¿Y después, qué pasará?

No podemos decir que hay falta de talentos.

 Terminó el ciclo lectivo, es decir, el lapso desde el primer día de la asistencia de la totalidad de alumnos y maestros, hasta el último día cuando se realizaron las pruebas finales, los 180 días apretadamente de clases. Aquí empiezan las ilusiones o desilusiones de muchos graduandos, que creen que con el título en la mano pueden acceder a cualquier empresa donde les darán trabajo, o encaminarán sus pasos a las universidades donde tendrán un cupo para seguir una carrera profesional que abrirá otros horizontes de superación académica y económica, y no sucede así.

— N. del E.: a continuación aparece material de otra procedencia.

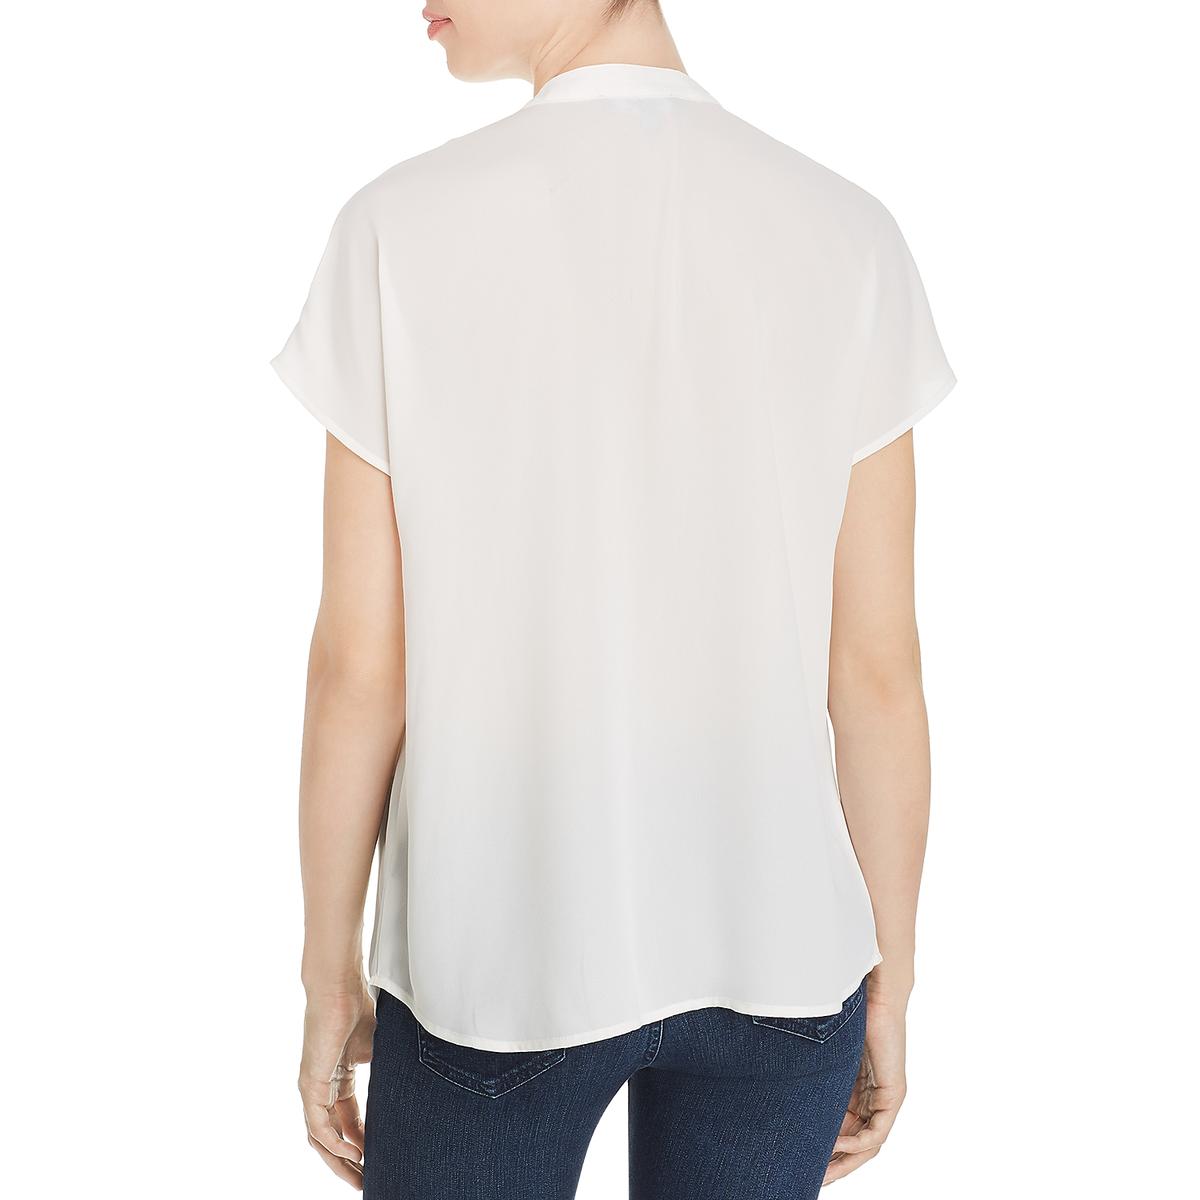 Marled Essentials Womens V-Neck Short Sleeves Top Blouse Shirt BHFO ...

En Guatemala el campo laboral es muy limitado y las oportunidades no abundan, cuando hablamos de un 4.06 por ciento de desempleo no se refleja la dura y angustiosa realidad de los jóvenes que salen a buscar trabajo, que dejan hojas de vida o las envían por Internet, pero no alcanzan la oportunidad de incorporarse a la fuerza económicamente activa, creándoles frustración, desánimo o activándose en un subempleo. Si buscan su profesionalización tienen que pasar un estricto tamiz para su admisión universitaria, pero ese valladar no corresponde con la realidad en lo interno donde a decir verdad parte de la docencia deja mucho que desear o son obligados a comprar libros de los catedráticos, como lo acaban de denunciar estudiantes de una facultad.

No podemos decir que hay falta de talentos, si en el campo internacional tenemos grandes representantes que han alcanzado el éxito a través de la excelencia, lo que faltan son oportunidades que se irán creando por medio de un cambio estructural en el país, donde la seguridad y la sustentabilidad de la paz, la tranquilidad y la ruta abierta al diálogo permitan crear confianza a la inversión extranjera y local.

Cuando como guatemaltecos cambiemos, cuando el rencor y las heridas del conflicto pasado sanen en su totalidad, cuando no aportemos como padres a la violencia con hijos que fueron dejados en el abandono y fueron recogidos por las pandillas, entonces estaremos creando una Guatemala en prosperidad, sin  los anuncios de corrupción, de violencia y sí dejando el camino a la inversión para crear fuentes de trabajo. Entonces no tendremos preocupaciones para salir adelante y fijar el camino para nuestros jóvenes cuando salgan de sus estudios del nivel medio. Esfuérzate y sé valiente, que yo tu Dios estoy contigo.